Re: Charset labelling (Was: Comments on: "Character Set" Considered Harmful)

Gary Adams - Sun Microsystems Labs BOS (Gary.Adams@East.Sun.COM)
Fri, 28 Apr 95 08:28:33 EDT

> From bobj@netscape.com Thu Apr 27 20:47:18 1995
> Date: Thu, 27 Apr 1995 17:42:01 -0700
> X-Sender: bobj@pop.mcom.com
> Mime-Version: 1.0
> To: Gary.Adams@East (Gary Adams - Sun Microsystems Labs BOS), html-wg@oclc.org,
> bobj@netscape.com
> From: bobj@netscape.com (Bob Jung)
> Subject: Charset labelling (Was: Comments on: "Character Set" Considered Harmful)
> X-Lines: 156
>
> At 9:09 AM 4/27/95, Gary.Adams@East.Sun.COM (Gary Adams - Sun Microsystems
> Labs BOS wrote:
> >...
> >The approaches suggested so far cover a wide range of platforms :
> >...
> > 2. Extensible filnames - just tack on an extension to the filename
> > (e.g. foo.ps.ucs.Z or foo_dir.tar.Z.isolat1 )
>
> Windows filesystem has the 8byte filename + 3 byte extension restriction.
> Unfortunately, this "8.3" limitation also applies to CD-ROM filesystems. The
> labeling solution should continue to allow us to use the same files via http://
> and file://. Further file:// should work for CD-ROMS.
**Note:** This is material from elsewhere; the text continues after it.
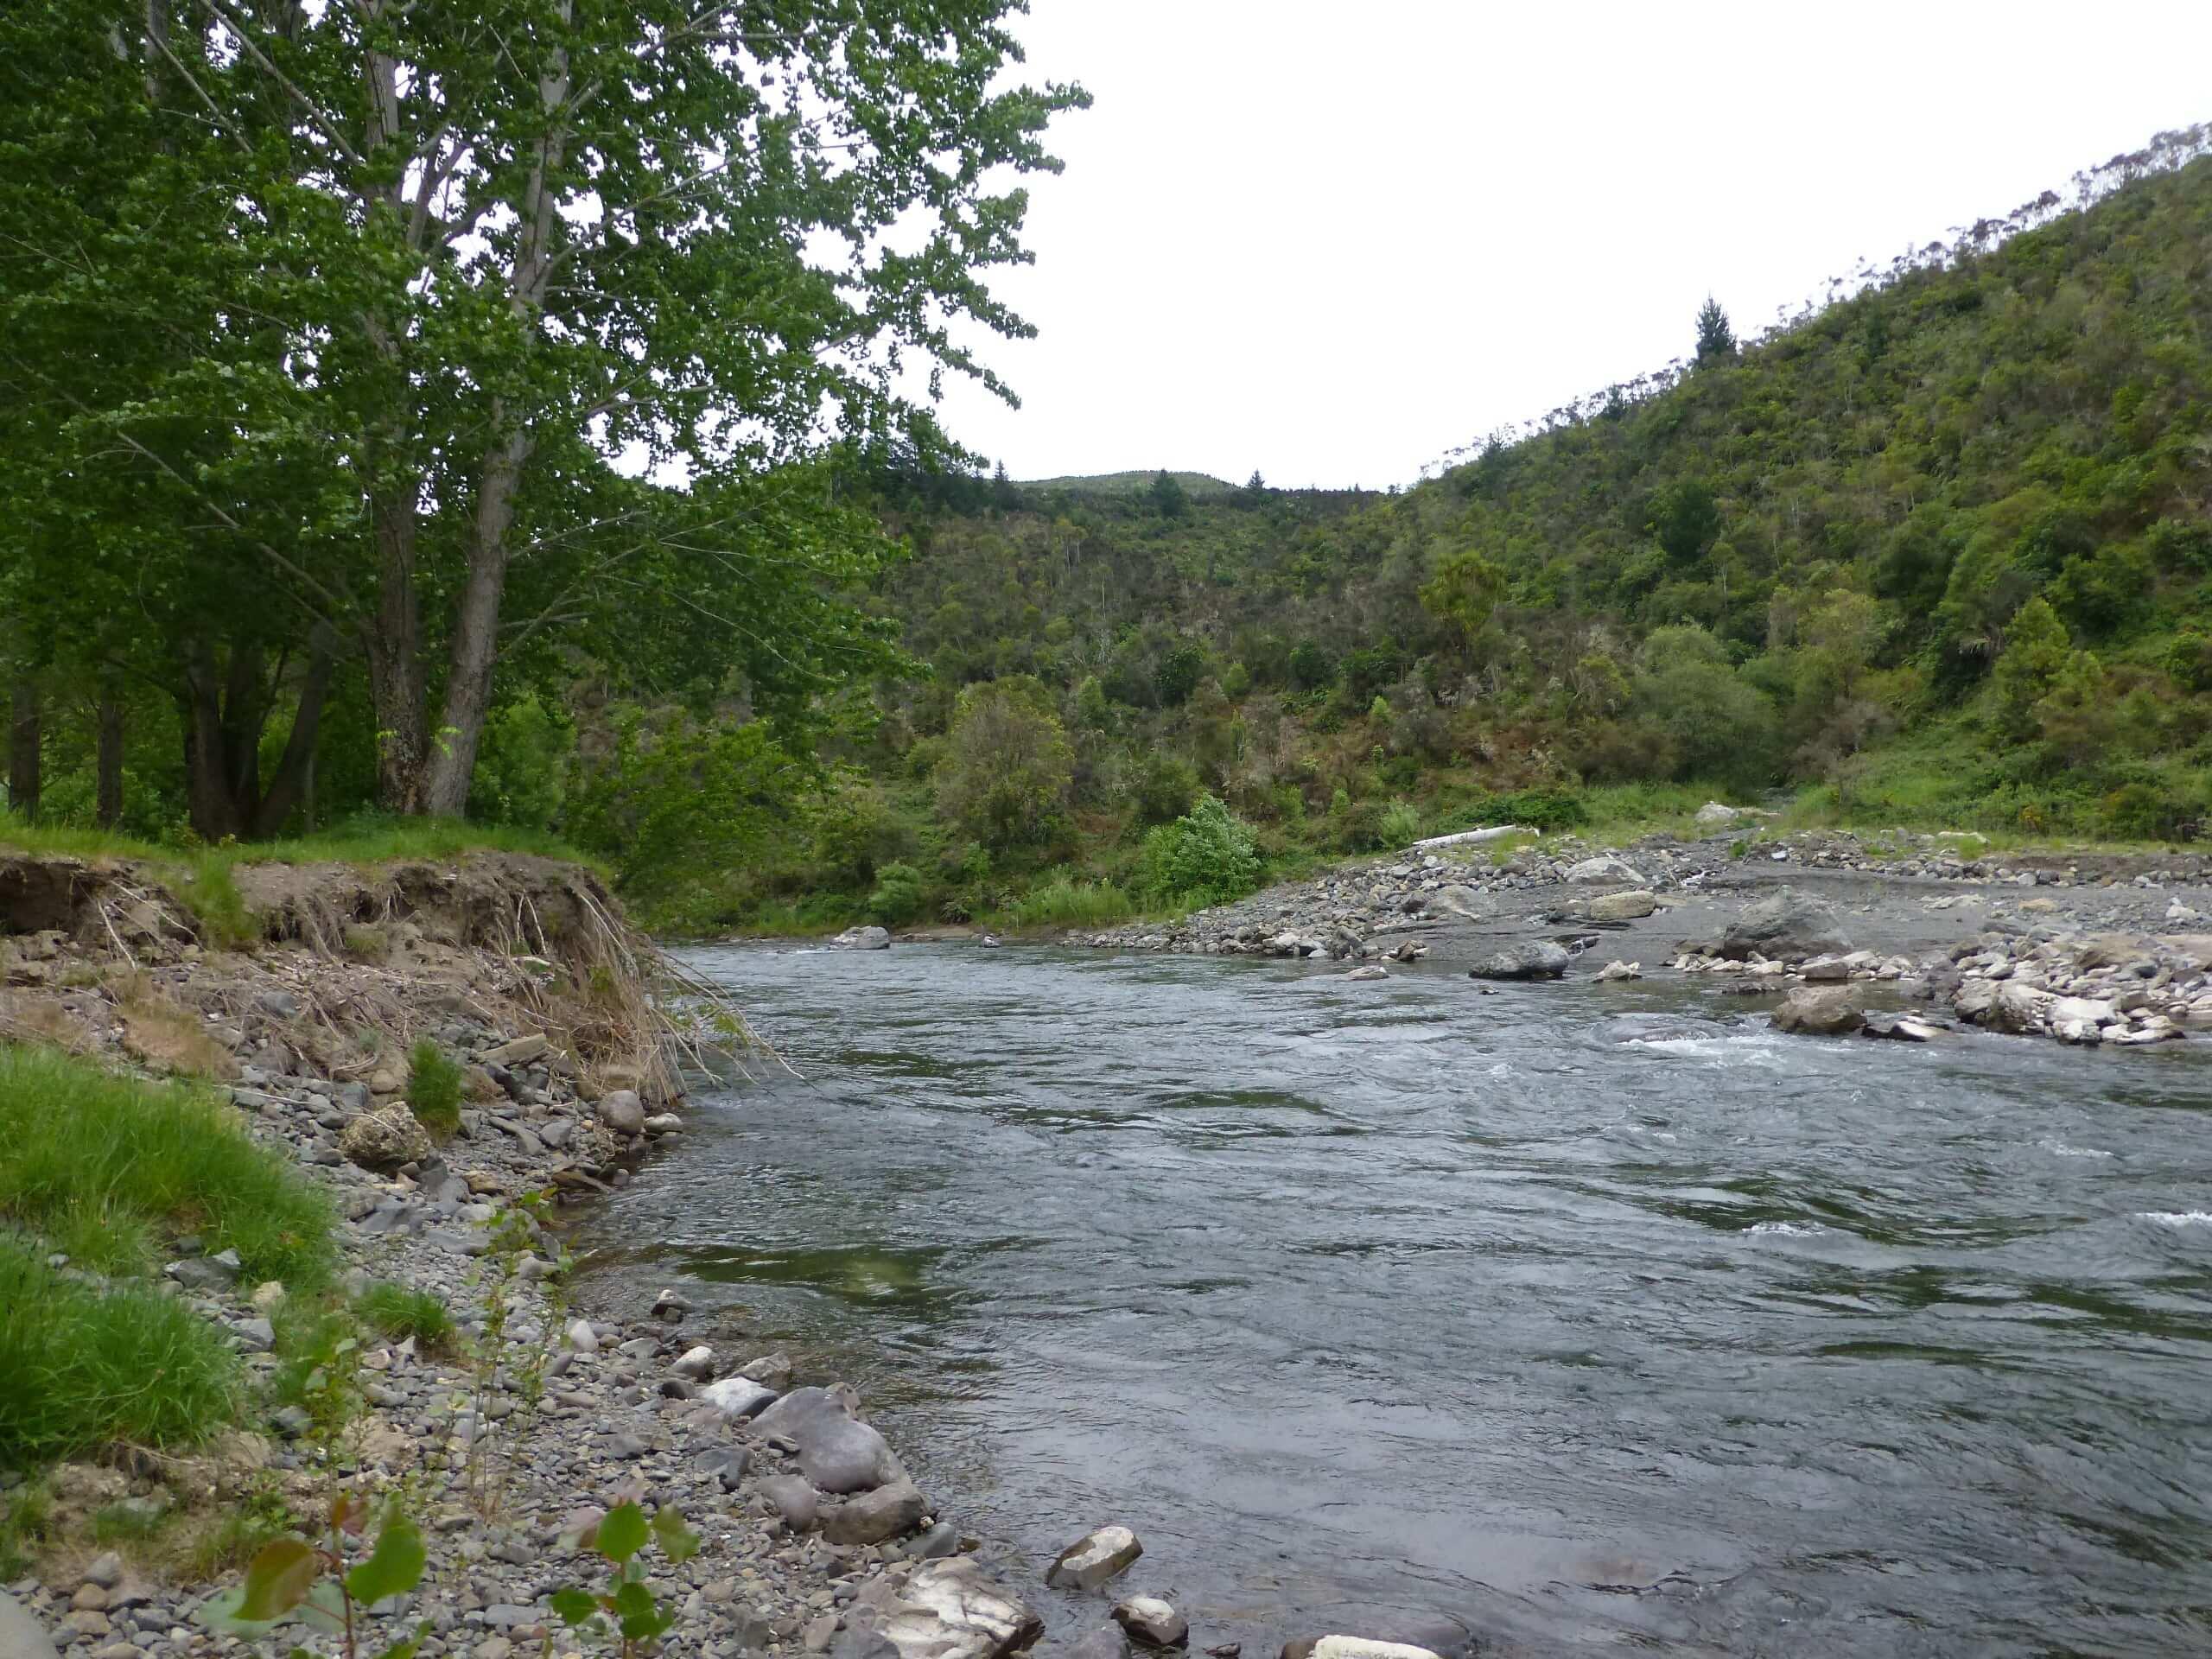 Weit weg Reisen, Mōhaka River, Mountain Valley Adventures Lodge 1

Even the 8.3 restriction on the "component in pathname" doesn't need to be a
show stopper, if the complete pathname is considered to be part of the "name".
ucs\foo.ps
Z\dir\isolat1\foo.tar
ja\iso10646\index.html

>
> Even if I don't use Windows as an HTTP server, I do save links using my
> Windows client. When I save as source, Windows truncates the filename
> extension to 3 bytes (e.g., "filename.html" becomes "filename.htm"). In the
> filename extension scenario, I will have lost my charset info.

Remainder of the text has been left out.